Неимоверным усилием воли я заставлял свой мозг помнить об опасности, но тело ему больше не подчинялось. Оно изгибалось, сотрясалось, вихлялось, как тела всех, кто окружал меня. Массовый гипноз овладел мной, и мои губы издавали нечленораздельные звуки: стоны, восклицания, хрипы, рычания — какие, может быть, некогда издавали поколения моих предков. А потом я вместе со всеми стал орать языческую молитву:

— О вы, пришедшие с неба и ушедшие на него, оглянитесь! Мы помним, как вы вылупились из небесного яйца, мы снова видим вас!

И мне казалось, что я и в самом деле вижу, как из люка звездного корабля появляются фигурки в скафандрах. Очевидно, в моей памяти оживали картины из фильмов, виденных на телеэкране, дополнялись фантастическими подробностями, как во сне. Во всяком случае я видел совершенно отчетливо нимбы над прозрачными шлемами пришедших с неба.

— О белые люди со звезд! — вопили вокруг меня акдайцы. — Вы принесли нам радость и доброту. И много-много подарков дали нам! Вы научили нас читать и писать, подарили нам семена сорго и кукурузы, рассказали, как добыть хлеб и воду из камня! У-гу-гу-о! И много-много подарков, много-много сверкающих бус! О-у-у!

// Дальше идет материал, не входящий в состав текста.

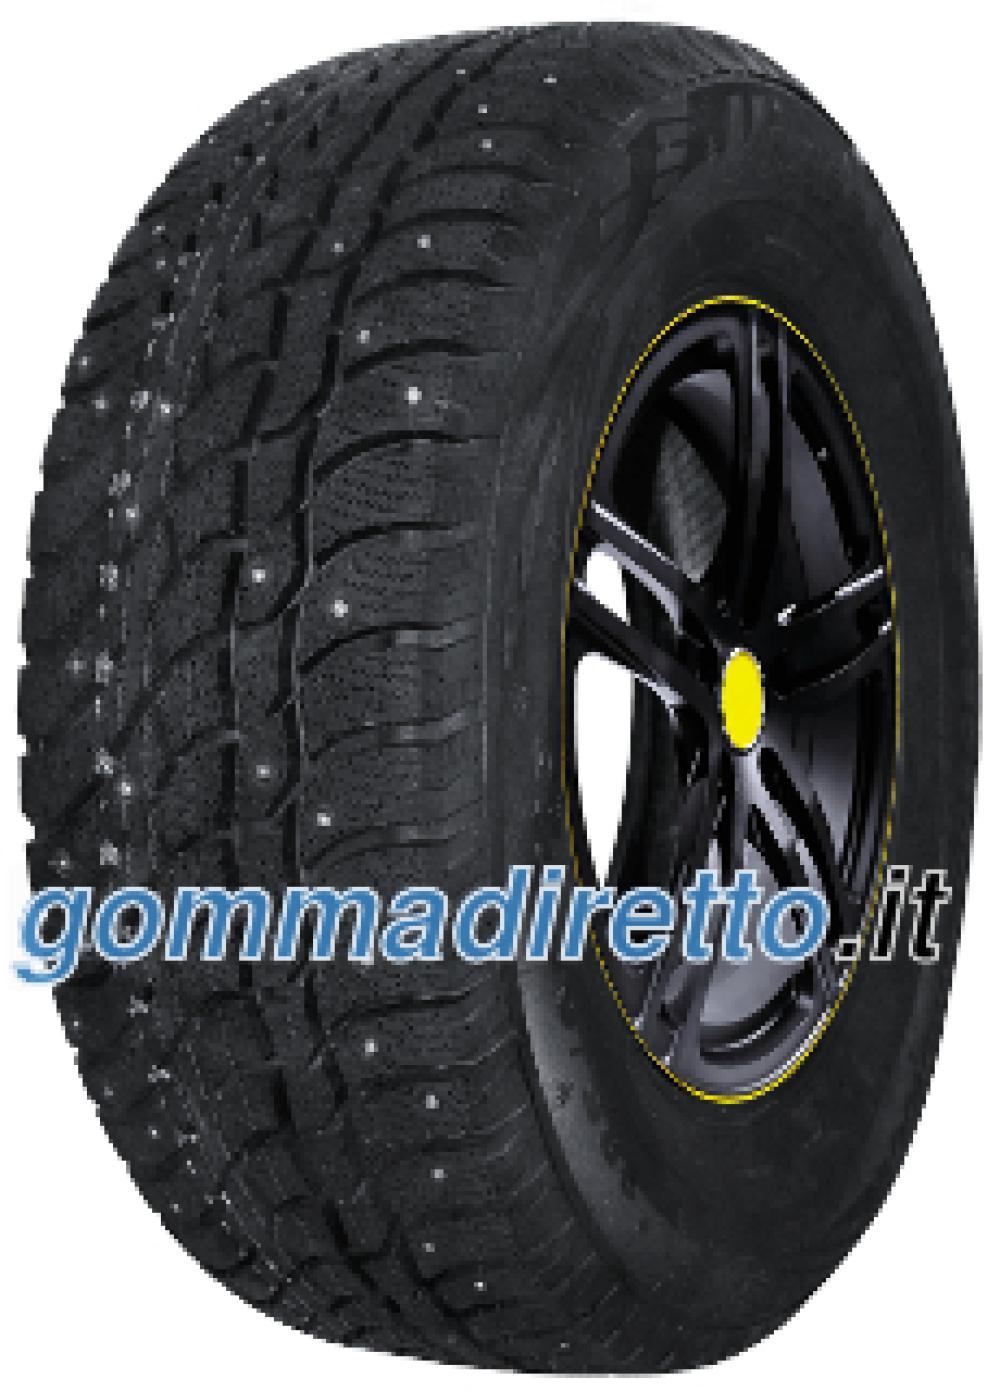 Image of Viatti Bosco Nordico ( 215/55 R17 94T, pneumatico chiodato )
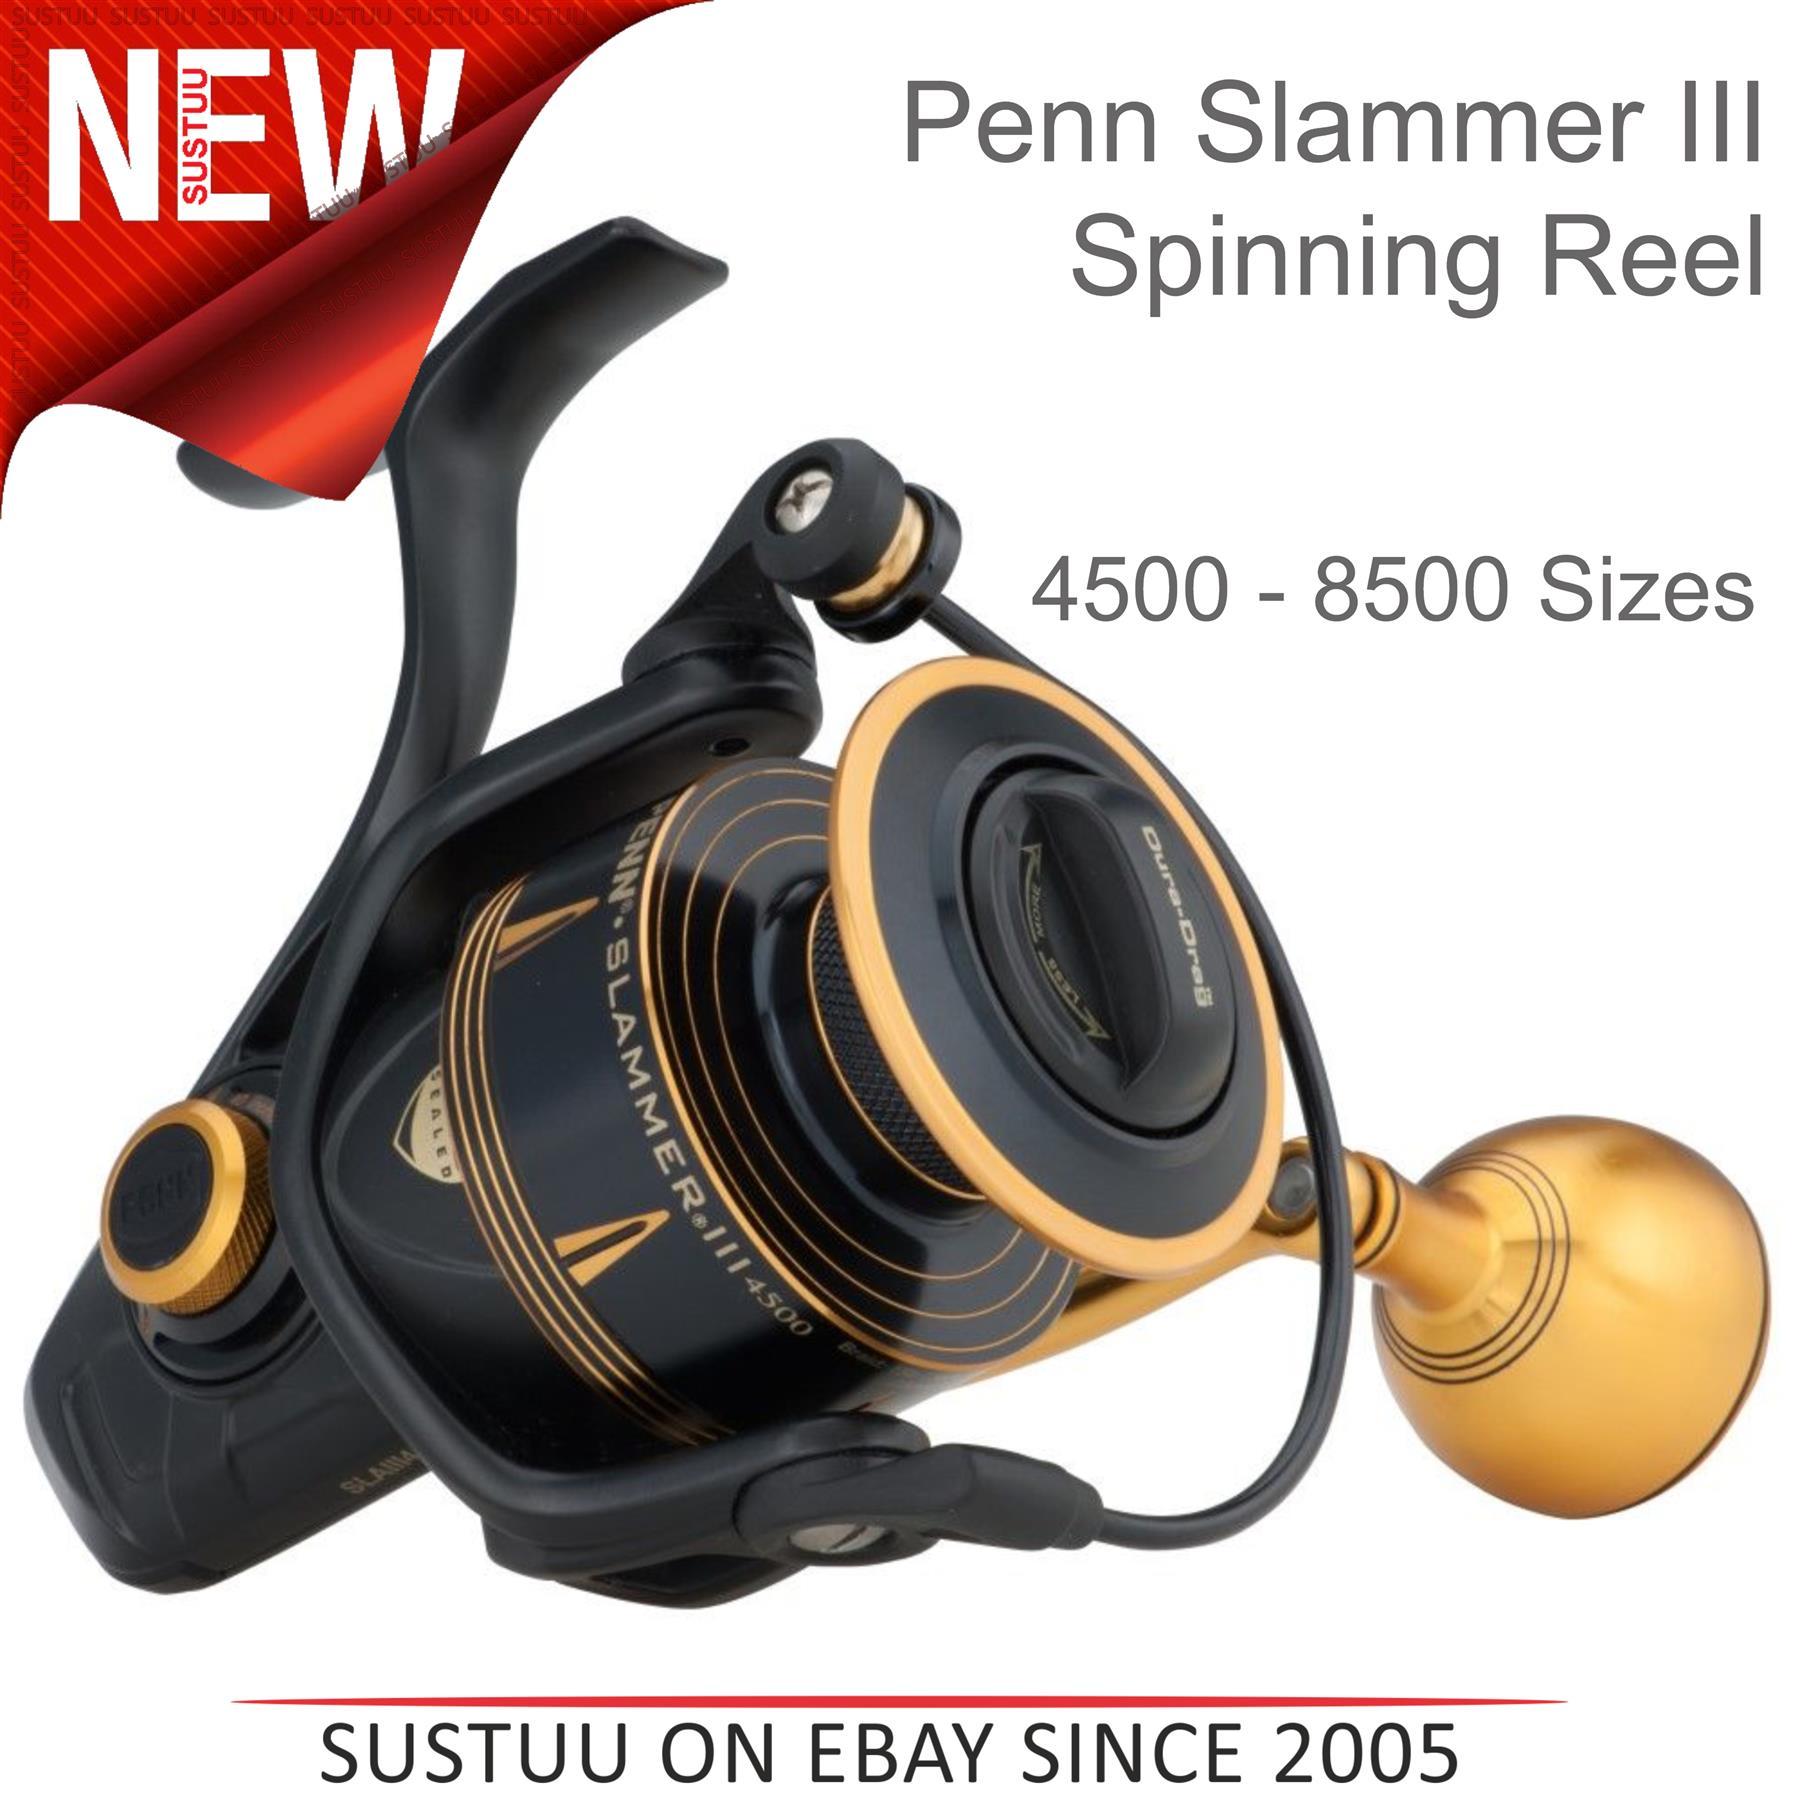 Penn Slammer III High Speed fixed sea fishing reel

И я вопил и стонал вместе со всеми:

— У-гу-гу-о!

Толпа несла меня к алтарю, где размахивал крестом и шевелил губами низенький священник. Видно, он читал молитву из библии, но голос его заглушала иная, языческая молитва, которую выкрикивала, пела, хрипела толпа.

На мгновение я подумал: «А может быть, обе эти молитвы не так уж отличаются одна от другой и в основе их одно и то же?» Эта мысль — искра вспыхнувшего сознания, поднявшегося над безумием толпы, помогла отрешиться от общего воя и вернула меня к действительности. Я увидел, как священник берет левой рукой у акдайцев камни, которые лягут в основание их домов и потому требуют благословения, как правой он осеняет их крестом и сразу же с ловкостью фокусника хватает деньги за эту нехитрую операцию. Его заработок за один такой день составляет сумму, равную годичному заработку шахтера-акдайца. Я вспомнил, что там, за дверями церкви, меня могут ждать люди, желающие заработать на моей жизни…

Спасет ли маска на лице? Сделают ли неузнаваемой мою фигуру вихляния и Приплясывания? Я бы ответил утвердительно, если бы там ждали полицейские, а не люди Поводыря. Эти могут срывать маски со всех подряд, не боясь даже вызвать взрыв фанатической ненависти у акдайцев.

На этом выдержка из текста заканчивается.